How to approximate $\sin(x)$ using Padé approximation? I need to write a function for $\sin(x)$ using Padé approximation.
I found here a formula, but I don't know how to achive this.

Thanks in advance.
 A: Since you know Taylor expansions, let us try a simple way.
You want to make $$f(x)=\frac{\sum_{i=0}^n a_ix^i } {1+ \sum_{i=1}^m b_ix^i }$$ where $m,n$ are predefined degrees. So, write $$f(x)\left({1+ \sum_{i=1}^m b_ix^i }\right)=\sum_{i=0}^n a_ix^i $$ Use the Taylor expansion of $f(x)$ and identify coefficients.
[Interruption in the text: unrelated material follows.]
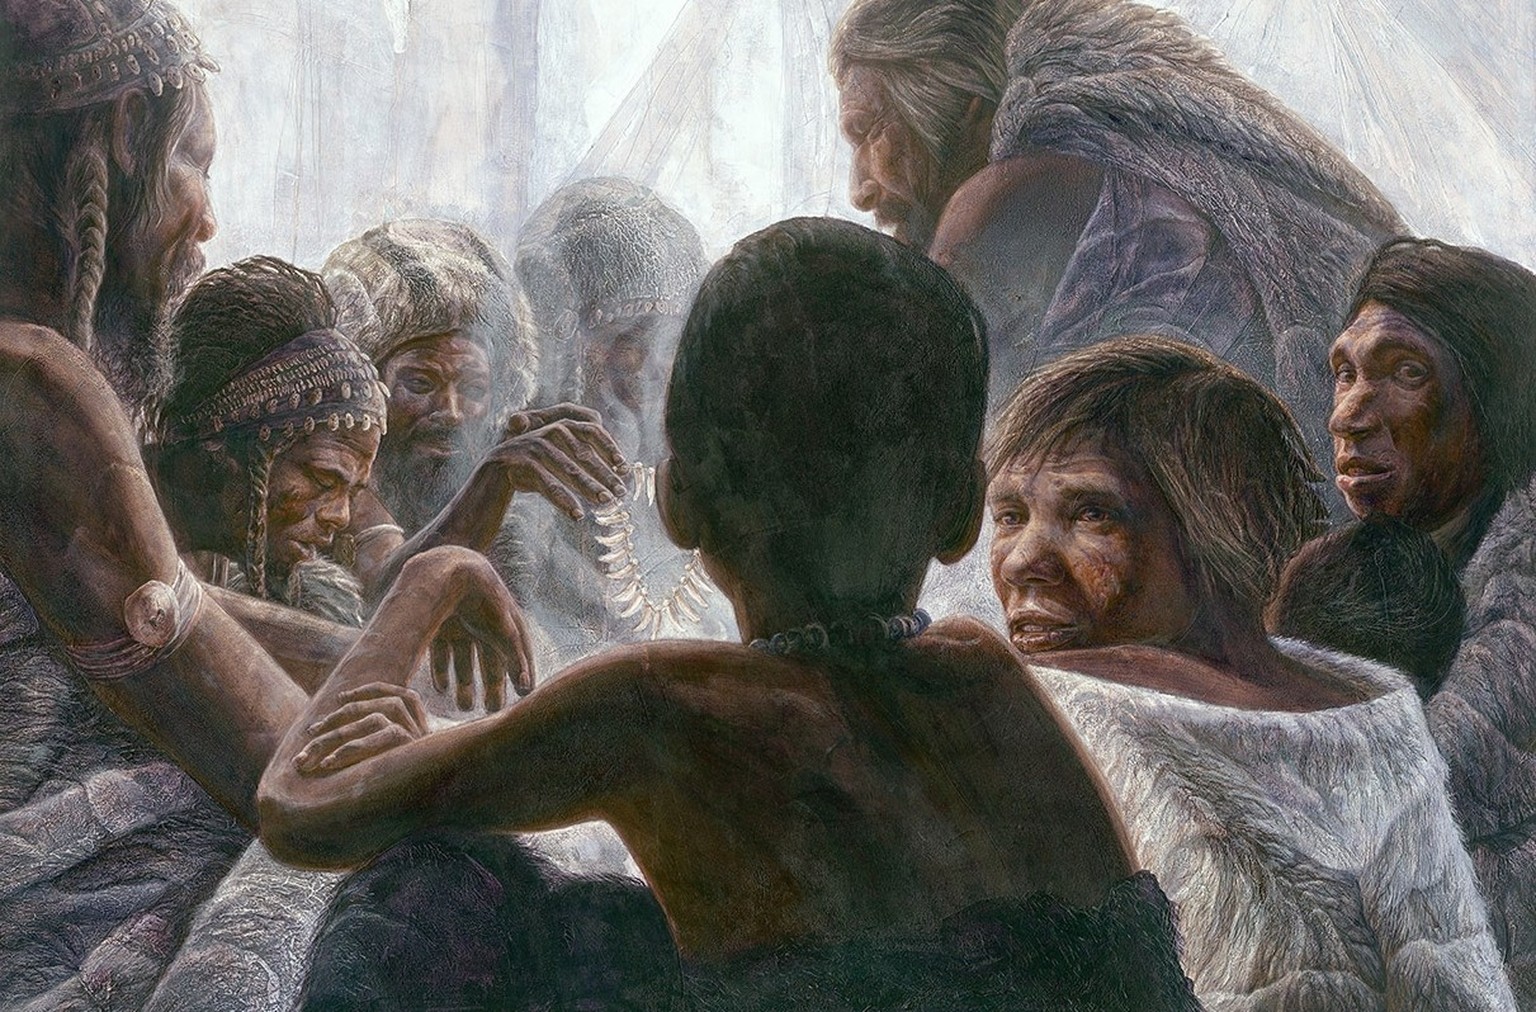 Künstlerische Darstellung von modernen Menschen und Neandertalern gemeinsam in einer Höhle.
https://www.pinterest.ch/pin/792563234399307086/

Let us try with $f(x)=e^x$, $m=2$, $n=3$. So, we have $$\left(1+x+\frac{x^2}{2}+\frac{x^3}{6}+\frac{x^4}{24}+\frac{x^5}{120}\right)\left(1+b_1x+b_2x^2+b_3x^3\right)=a_0+a_1x+a_2x^2$$ Expanding, grouping terms and setting coefficients equal to $0$ will lead to the following equations $$a_0=1$$ $$1-a_1+b_1=0$$ $$-a_2+b_1+b_2+\frac{1}{2}=0$$ $$\frac{b_1}{2}+b_2+b_3+\frac{1}{6}=0$$ $$\frac{b_1}{6}+\frac{b_2}{2}+b_3+\frac{1}{24}=0$$ $$5 b_1+20 b_2+60 b_3+1=0$$ from which $$a_0=1 \qquad a_1=\frac 25\qquad a_2=\frac 1{20}$$ $$b_1=-\frac35 \qquad b_2=\frac 3{20}\qquad b_3=-\frac 1{60}$$  and then $$\frac{1+\frac{2}{5}x+\frac{1}{20}x^2 } {1-\frac{3 }{5}x+\frac{3 }{20}x^2-\frac{1}{60}x^3 }$$ is the Padé approximant.